The money pressure is intensifying at a fast clip. The standard annual pension costs are expected to rise from about $5.2 billion this year to $6.2 billion in the new budget that begins July 1, but the overall cost is even higher. The total pension drain could hit almost $7.9 billion — about one-fourth of the state's operating budget. The higher figure includes $1.66 billion in repayments of loans taken out to cover annual pension costs in previous years.
"No question, that's a lot of money," said Rep. Will Davis, D-Homewood. "It is clear that we've got to figure out how to manage pensions in the state of Illinois."
Davis, who chairs the House appropriations budget panel overseeing kindergarten through high school, said he will push for additional revenues coming into Illinois to be considered for schools.
He was a co-sponsor of a pension reform proposal unveiled before the end of the last session that would have led to significant savings in the next budget, a move that potentially could provide relief.
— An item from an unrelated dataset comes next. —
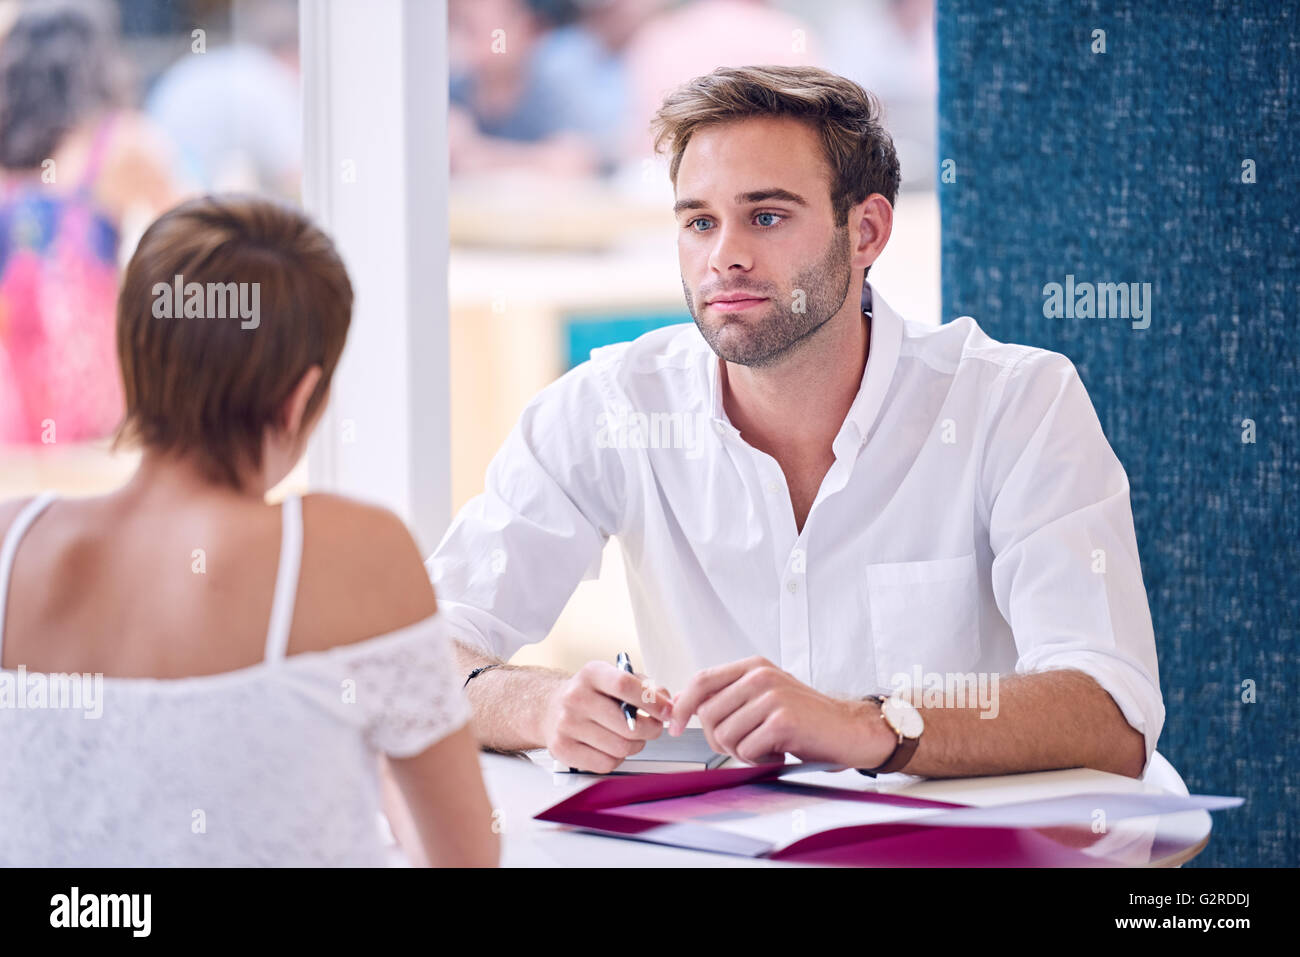 Businessman en prêtant attention à sa partenaire féminine au cours de la réunion d'affaires Banque D'Images

But without the terms of a pension fix nailed down, one of the questions hanging in the spring session is whether a pension fix would free up money for programs like education or if those dollars would be used for other needs, such as paying down the billions of dollars in backlogged bills.
Over the past two budgets, the state made cuts in education funding of $162 million and $209 million, Davis said. Quinn previously has asked for more in education funding than the Legislature has been willing to give in previous years.
Quinn is scheduled to unveil his budget proposal in late February, but he has asked for more time. Also Tuesday, Quinn told reporters that gambling expansion is a "secondary issue to the most paramount issue we have to face, and that's the whole pension reform."